07/15/2022
988 set for quiet launch in light of state, federal concerns about crisis call spike. States say they are ready for the launch but long-term funding remains an open question.
By MEGAN MESSERLY and SARAH OWERMOHLE
State health officials, unsure they have the money or staff to respond to an expected flood of calls to 988 — the new mental health hotline number — are tempering expectations just days ahead of its launch.
It’s a setback for the Biden administration, which had hoped the opening of the three-digit crisis line, billed as 911 for mental health care, would come with much fanfare. Instead senior officials find themselves downplaying Saturday’s launch as more of a “transition.”
“911, when it was implemented, was an evolution,” said Christina Mullins, commissioner for the West Virginia Department of Health and Human Resources Bureau for Behavioral Health. “We’re going to be in that similar evolution.”
Federal officials, including Health and Human Services Secretary Xavier Becerra, worry that most states are ill-prepared to meet the hotline’s long-term needs, a failing that could hamper states’ ability to quickly answer crisis calls with operators familiar with local resources. While the health agency in recent months has dispatched new funds to help states expand their crisis networks, federal officials say few states have kept their end of the bargain and implemented long-term funding.

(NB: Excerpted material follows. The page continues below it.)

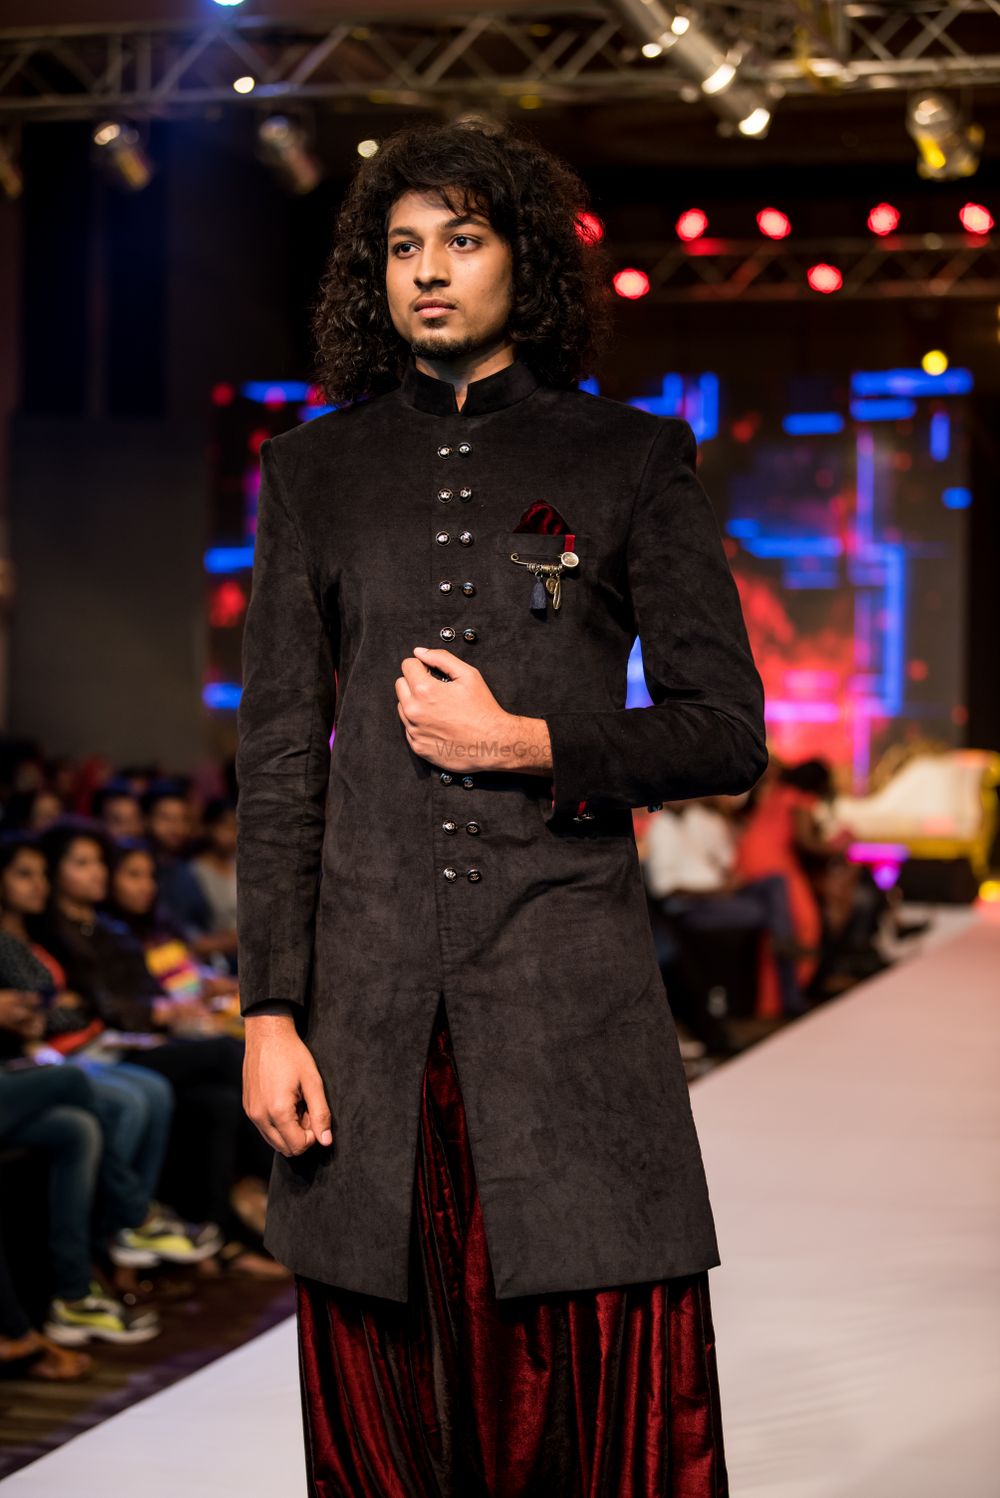 Photo From Indian Fashion League Season 2 - By Meraj Ek Pehchan

The concerns come at a time when the Biden administration, Congress and public health experts say mental health challenges are too often unaddressed, and at least partly responsible for increases in drug overdose deaths, pre-teen suicides and gun violence among other maladies.
Becerra earlier this month lamented that most states — more than half of which were still sending a significant chunk of their crisis calls to an out-of-state backup call center as of May — still have not secured the needed funding and workforce for an expected surge in calls, due to increased media attention, once 988 goes live.
“988 isn’t just a number, it’s a message,” Becerra said during a conversation with reporters this month. “It’s the signal to America that we want to consolidate that service, we want to strengthen that service and we want to make it consistent. We won’t have the luxury of decades like 911 had to get on the ground and running.”